You may use the same flavors from the taste chart for the potion’s smell. The smell may match one or more of the flavors or be completely different.

Flask

This chart determines the material and shape of the potion’s flask.

d12 Description
1 Glass, Tubular, 10″ long, 1″ in diameter
2 Glass, Tubular top, 3″ long, 1″ in diameter, Spherical bottom 6″ in diameter
3 Glass, Tubular top, 3″ long, 1″ in diameter, triangular bottom 6″ on a side
4 Glass, Tubular top, 2″ long, 1″ in diameter, rectanglur bottom 6″ x 8″ x 2″
5 Steel, Tubular, 10″ long, 2″ in diameter
6 Steel, Tubular top, 3″ long, 1″ in diameter, Spherical bottom 6″ in diameter
7 Steel, Tubular top, 3″ long, 1″ in diameter, triangular bottom 6″ on a side
8 Steel, Tubular top, 2″ long, 1″ in diameter, rectanglur bottom 6″ x 8″ x 2″
9 Clay, Tubular, 10″ long, 1″ in diameter
10 Clay, Tubular top, 3″ long, 1″ in diameter, Spherical bottom 6″ in diameter
11 Clay, Tubular top, 3″ long, 1″ in diameter, triangular bottom 6″ on a side
12 Clay, Tubular top, 2″ long, 1″ in diameter, rectanglur bottom 6″ x 8″ x 2″

Examples

  1. Thick chestnut colored potion that tastes and smells like fish and tomato in a clay, tubular top, 3″ long, 1″ in diameter, Spherical bottom 6″ in diameter flask.
  2. Thin and bubbly, translucent red violet colored potion that smells like ginger and mustard and tastes like snake with a ginger and mustard aftertaste in a steel, tubular top, 3″ long, 1″ in diameter, triangular bottom 6″ on a side flask.
  3. Clumpy white potion with teal blue drops that smells like chives but tastes like pickled venison and mushrooms in a steel, tubular top, 3″ long, 1″ in diameter, triangular bottom 6″ on a side flask.

Improvements

If you’ve got ideas for more options, please post a comment and I’ll periodically make updates!

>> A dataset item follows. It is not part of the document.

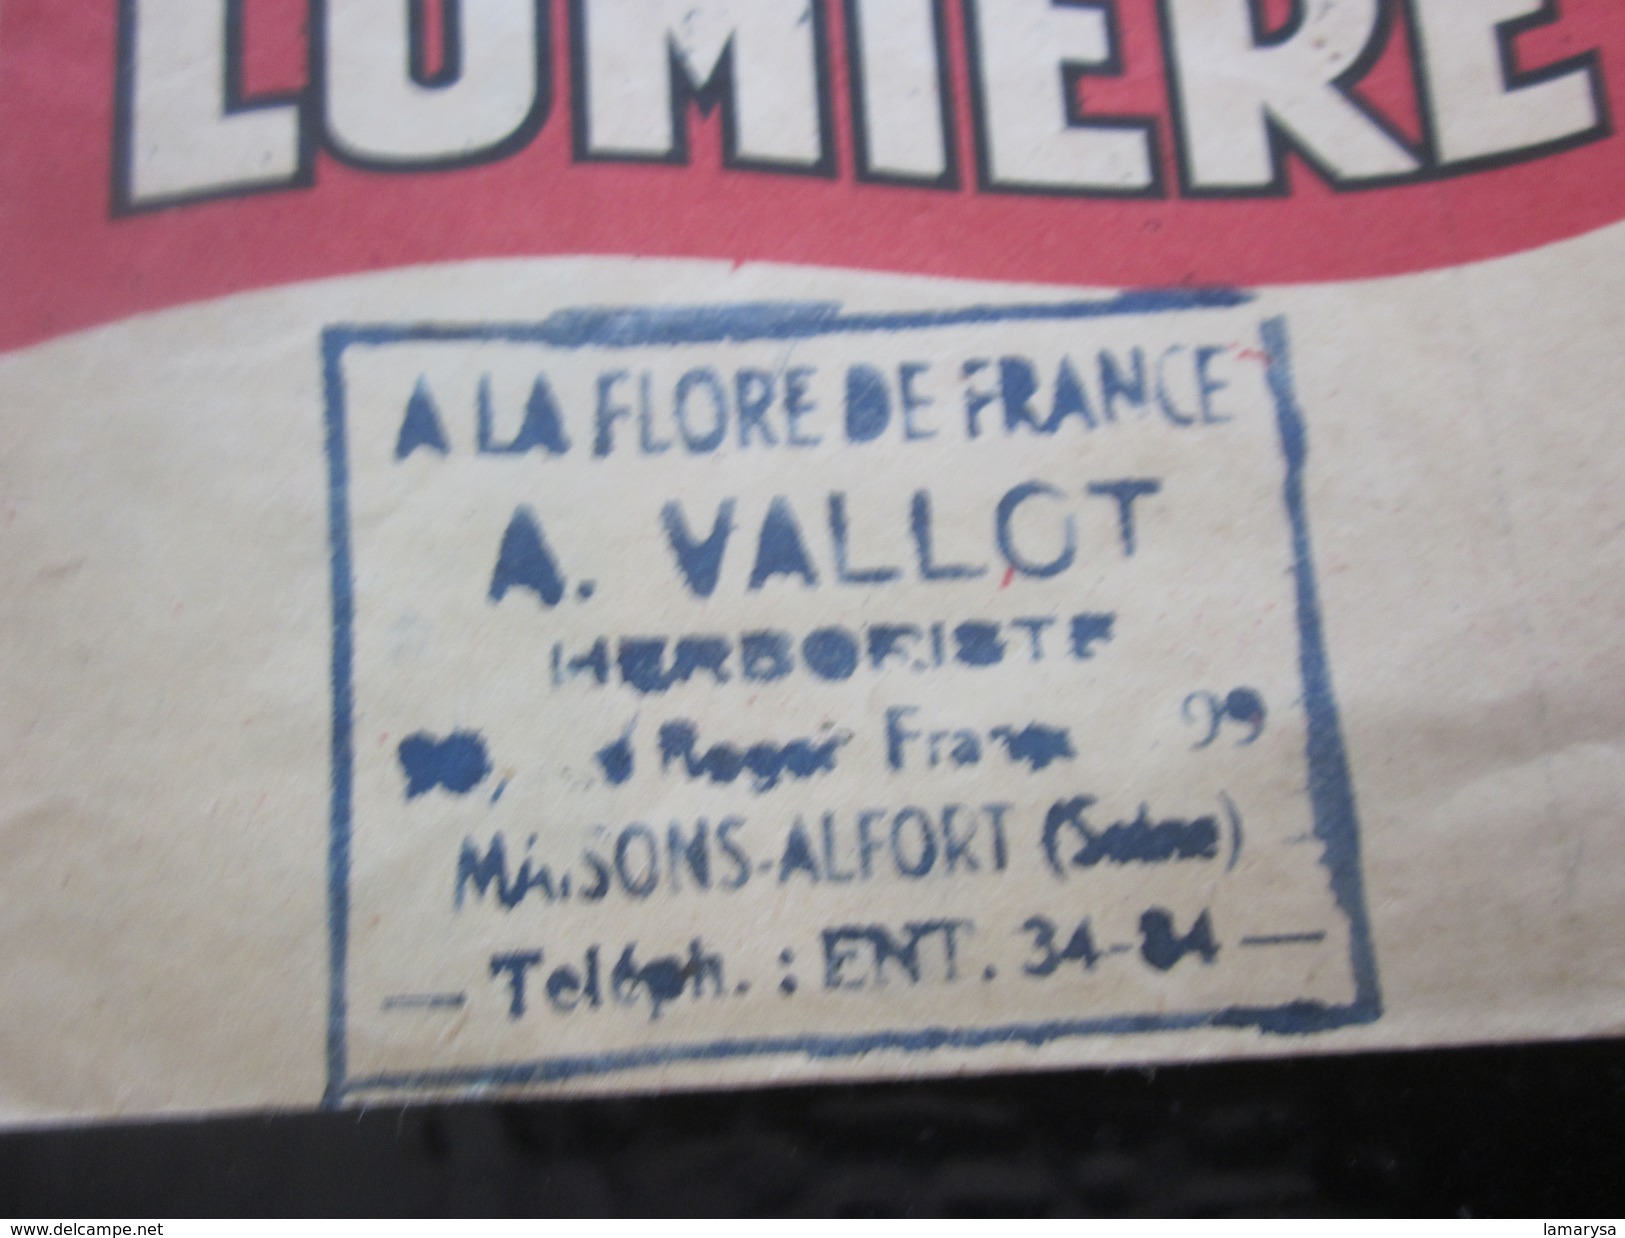 Photographie-1931 Ancienne Pochette Lumichrome "LUMIÈRE" Illustrée  (vide)Pour Photos Vallot Herb Maison-Alfort Matériel - Matériel & Accessoires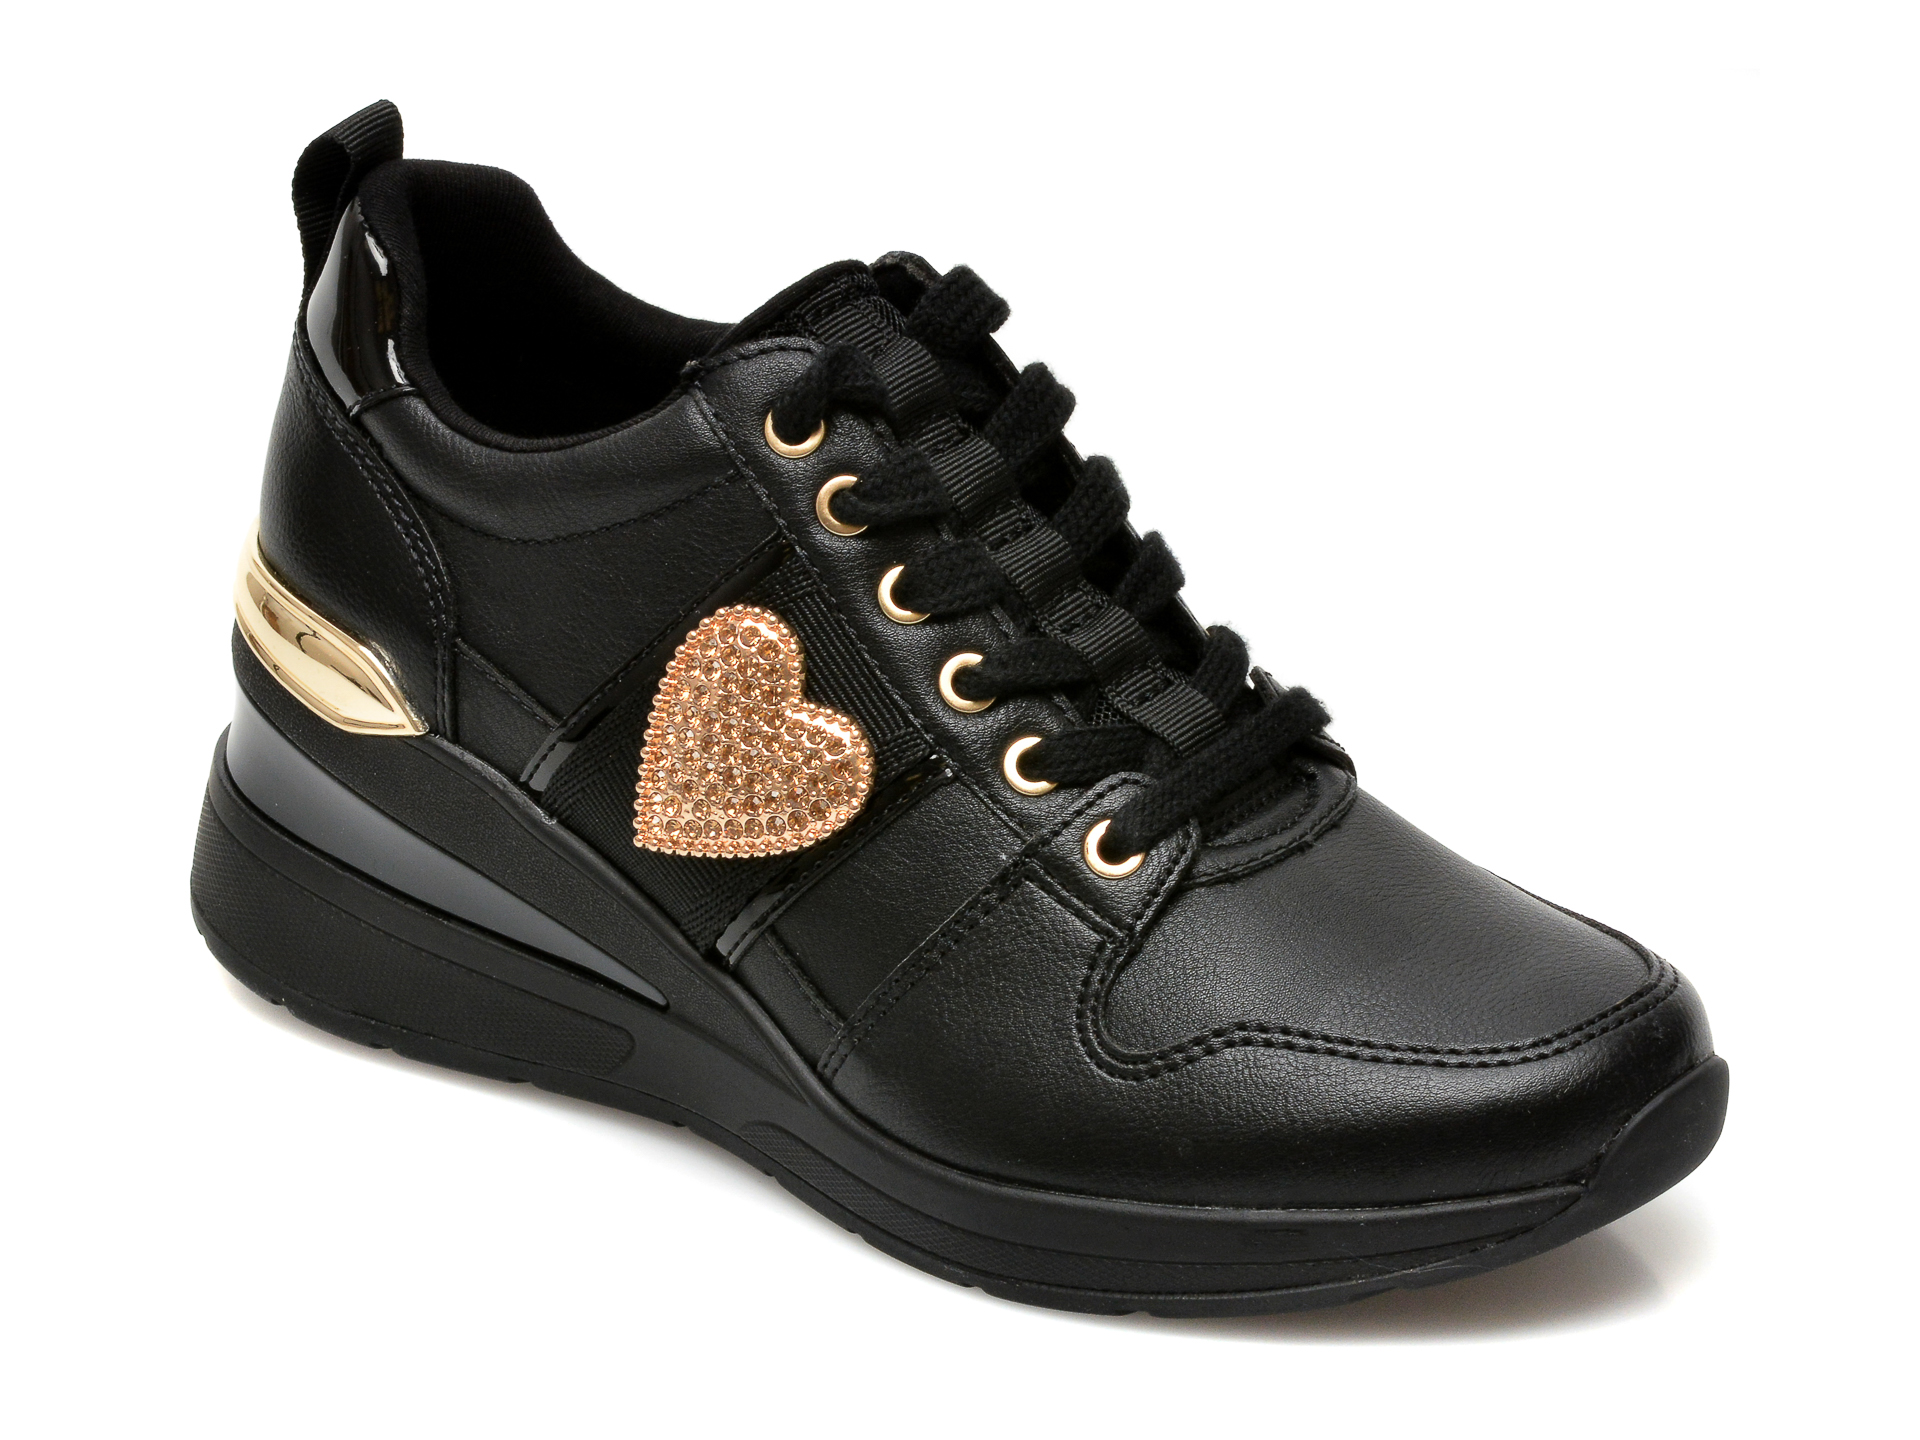 Pantofi ALDO negri, Zalle001, din piele ecologica Aldo Aldo

7 Comments on “Random Potion Description Charts

  1. You’re right, Chicken should have a larger range. It did in an early version, but then I changed it and forgot why it should have a large range.

  2. I like this idea a lot. My former D&D campaign used this method. One piece of advice is to keep notes, or use something like the excellent charts above. My players started to have problems to decipher what potion was which when I mixed them up. Chaos magic, yes, that’s a good explanation…

  3. Another note: I really like the fact that in T&T the section on potions talk about how many of them are based on liquor, except healing potions which are based on chicken soup. Priceless!

  4. Very cool. Though I think the color chart’s a bit longer than I would like, but then, I tend not to use random generation, but instead use these lists to make decisions. Still, very good work.